Seriously - this was something I would eat six or seven times a week in Israel. For four bucks, I could get a full meal - including a ton of vegetables - wrapped in an amazingly delicious piece of bread, and walk down the street eating it.

Man, my next blog should be "the year of eating nothing but shawarma.

I have no idea why it's been so difficult for me to actually talk about cumin this week. I mean, I really like it! It's a delicious spice! I think I made a strategic mistake in cooking hummus first - that mistake being that I forgot how totally nuts I am for middle eastern food.

DAMN I miss shawarma!)

...called Shish Taouk. I knew that I'd had it before, and that I had really liked it, but couldn't remember when. When it finally arrived, I bit into it... And tasted my hummus-fried chicken. Apparently, twice in my life now I've made up on my own, dishes that already have a long history.

The joke was on me, of course, because although they taste similar, Shish Taouk is actually nothing like the chicken dish that I make. They taste similar, and use many of the same flavors, but shish taouk is missing both hummus and tahini, two things that many people might consider fairly important to the whole hummus ambiance.

I have no idea what this story was supposed to be about.


So, anyway - I had some hummus. I had some chicken. I also had some mushrooms. I made some hummus-fried chicken, as well as some hummus-fried portobello.

HUMMUS-FRIED STUFF

Ingredients:

One pound of chicken breasts
Two good-sized portobello caps
One cup of hummus (Recipe in previous post)
One half teaspoon cumin
A pinch of salt and pepper
Lemon juice
Oil - olive or sesame

This is a really simple deal here. First, turn the hummus into a marinade. That involves making it slightly more acidic, and amping up the primary flavors a bit. So, mix in the extra cumin, salt, and pepper, and hit it with the lemon juice. How much? Damned if I know. I've been trying to be better about measuring things, but I totally forgot. Also, I was using squirt-bottle lemon juice rather than fresh lemon juice, so I just kept adding it until it was the consistency I wanted. To put it differently - keep adding lemon juice until the hummus loosens up a bit - you want to be able to smoothly spread it on the chicken, but it shouldn't be runny.

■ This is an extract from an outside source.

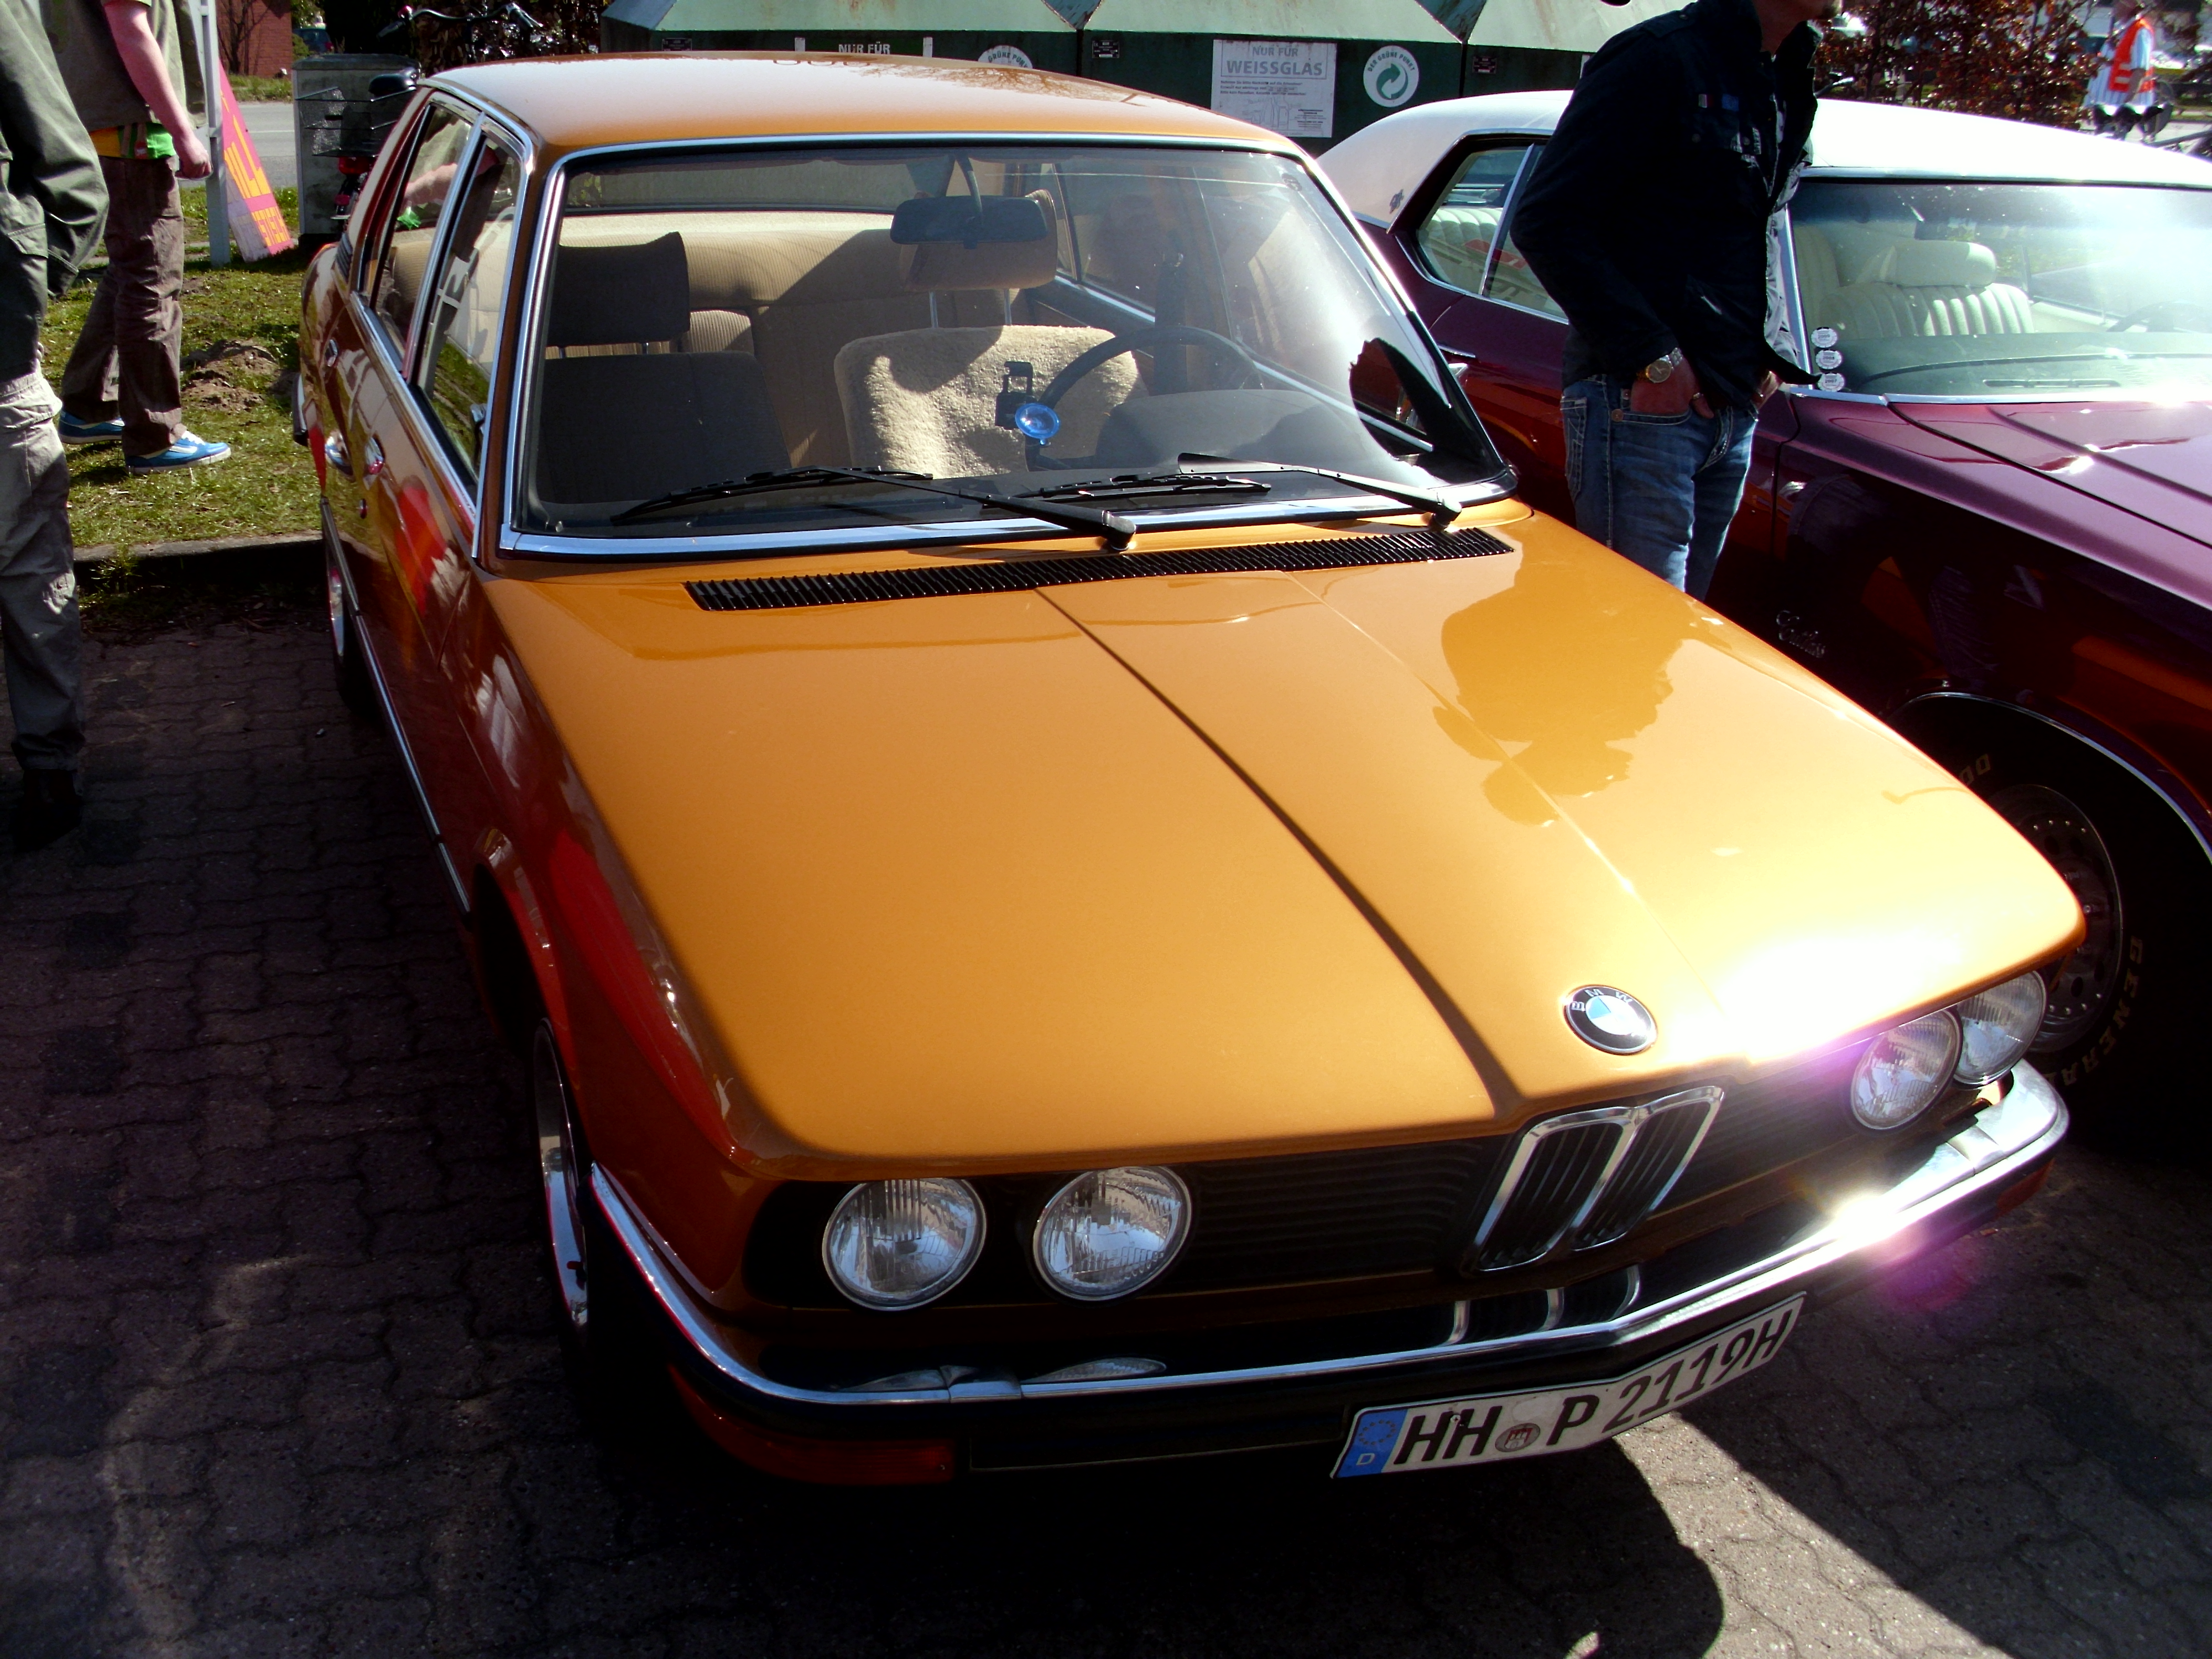 BMW 520 1976 -3- | Flickr - Photo Sharing!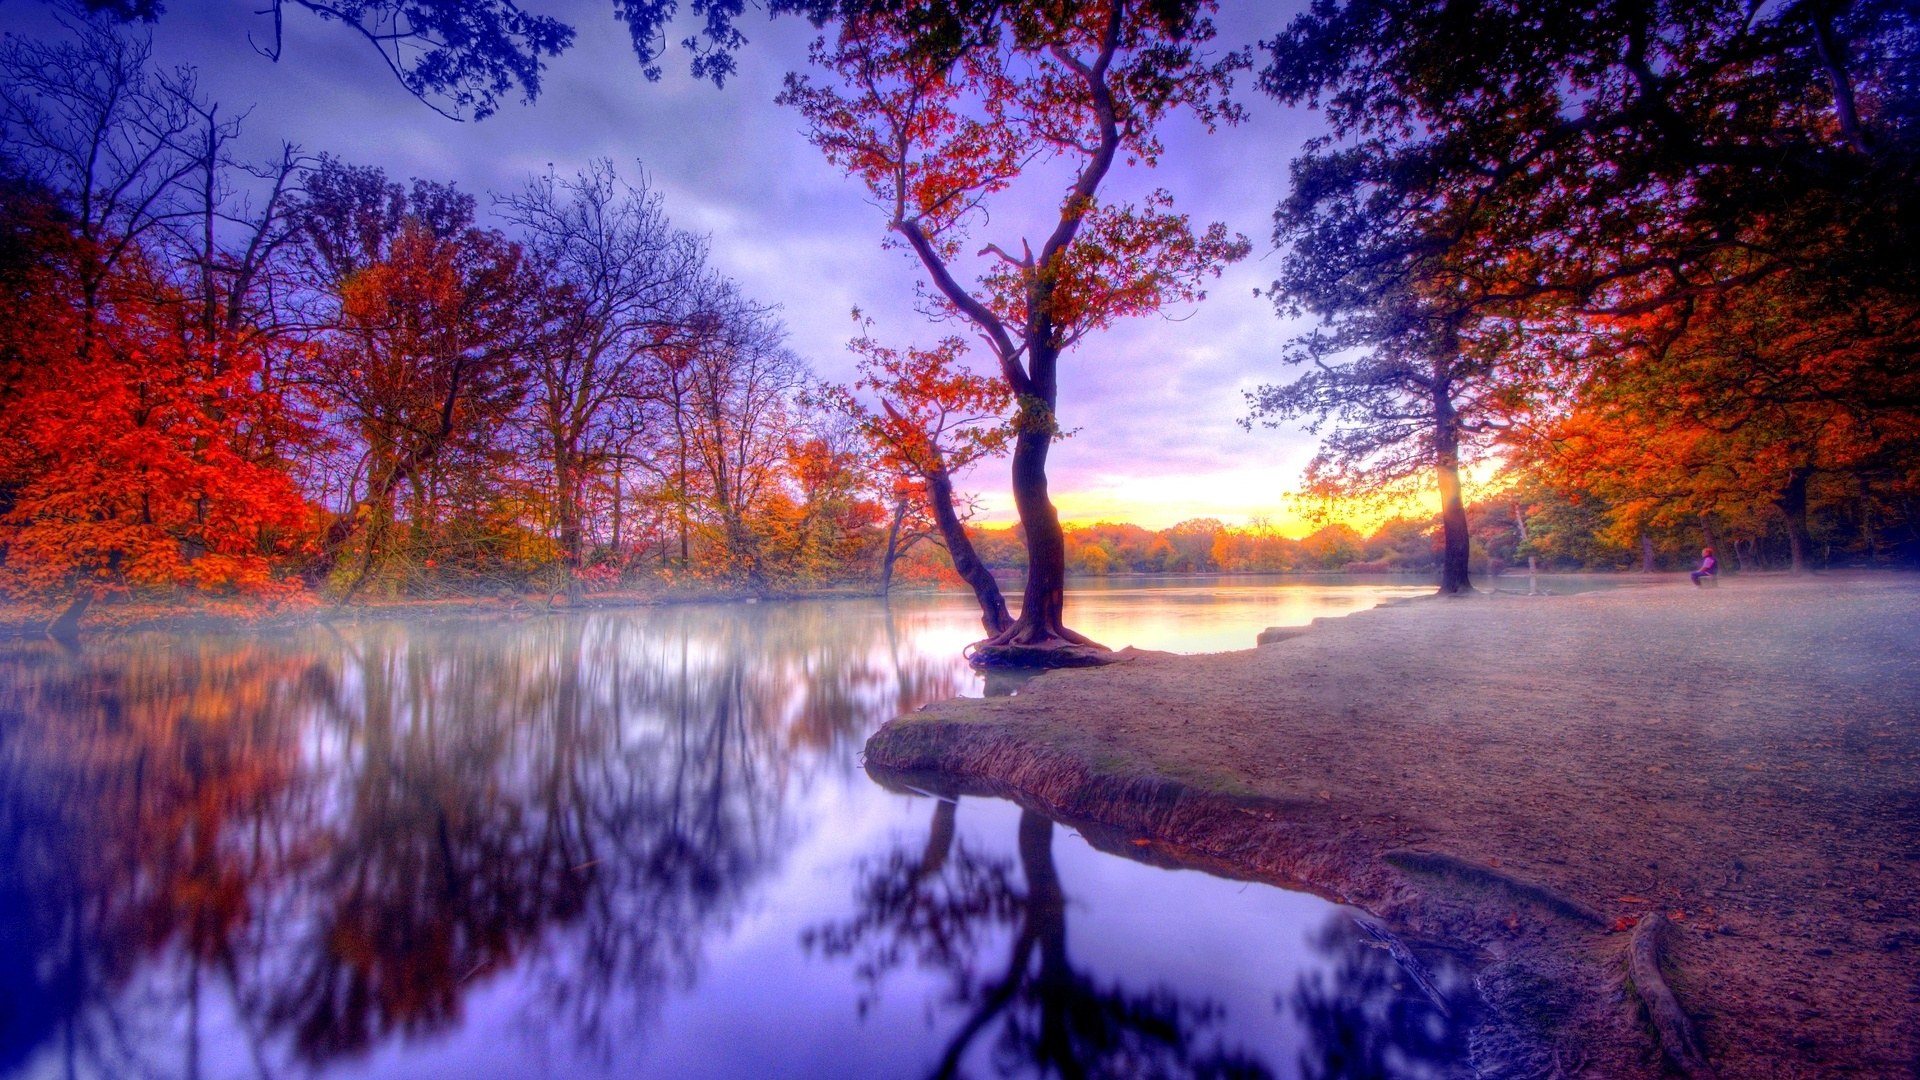 🔥 Download Autumn Landscape Full HD Desktop Wallpaper 1080p by erinc

I cooked the chicken breasts whole, but you could also slice or cube the chicken. The mushrooms should be sliced think. Coat everything liberally in the hummus mixture, and let it sit for a half hour or more. (really, for as long as you have the forethought to have given yourself.) (Work through that sentence again, slowly - it'll make sense.) Warm up the oil and toss in the food. (You'll probably have to do it in two batches, if you made all the stuff I listed above.

You want the oil to be medium-high. You're playing a dangerous game here; you need to get it hot enough to turn the hummus into a crust, but if you let it get too hot, the hummus will burn, bind to itself and the pan, and pull right off when you go to remove your food. (Using tongs is a good idea.) If you're cooking chicken breasts, it may be a good idea at this point to go back in time and cube the chicken - it will definitely be easier to control the heat and not overcook things with cubes rather than whole breasts.

Your mileage may vary, depending on the thickness of your cut of chicken, but I find about five minutes, flip, then another five does the job. (You could also start in a frying pan, then switch to the oven - but you'll probably wind up with soggier chicken than you'd prefer.) The mushrooms get basically the exact same treatment, except less time per side - two minutes should do fine.

Serve over rice. In my case, I served it over the following:

JEERA RICE

This is an Indian rice recipe, using cumin seeds. You can find many different variations on it, all over the internet. It's an interesting variant on fried rice; instead of taking already cooked rice and frying it, you take rice that's about 3/4 cooked and fry it for a few minutes to add some flavor before finishing cooking it.

In one pot, start a cup of basmati rice goin'. When it's almost done - soft, but still hard in the middle - drain out the water. Get some oil (or ghee - and sorry if you don't know ghee, I don't know enough about it to explain) cookin', and toss in a small chopped onion. When it gets lonely, throw in two teaspoons of cumin seeds to keep it company. After about two minutes, your nose should be telling you that cumin is delicious - when this happens, dump the rice in and give the whole mixture a minute to get acquainted. Once you feel like the rice has gotten some oil, cumin, and onion all up in its business, rain on the party - a half cup of water, cover, and simmer till the rice is complete. Serve it with the hummus-fried chicken.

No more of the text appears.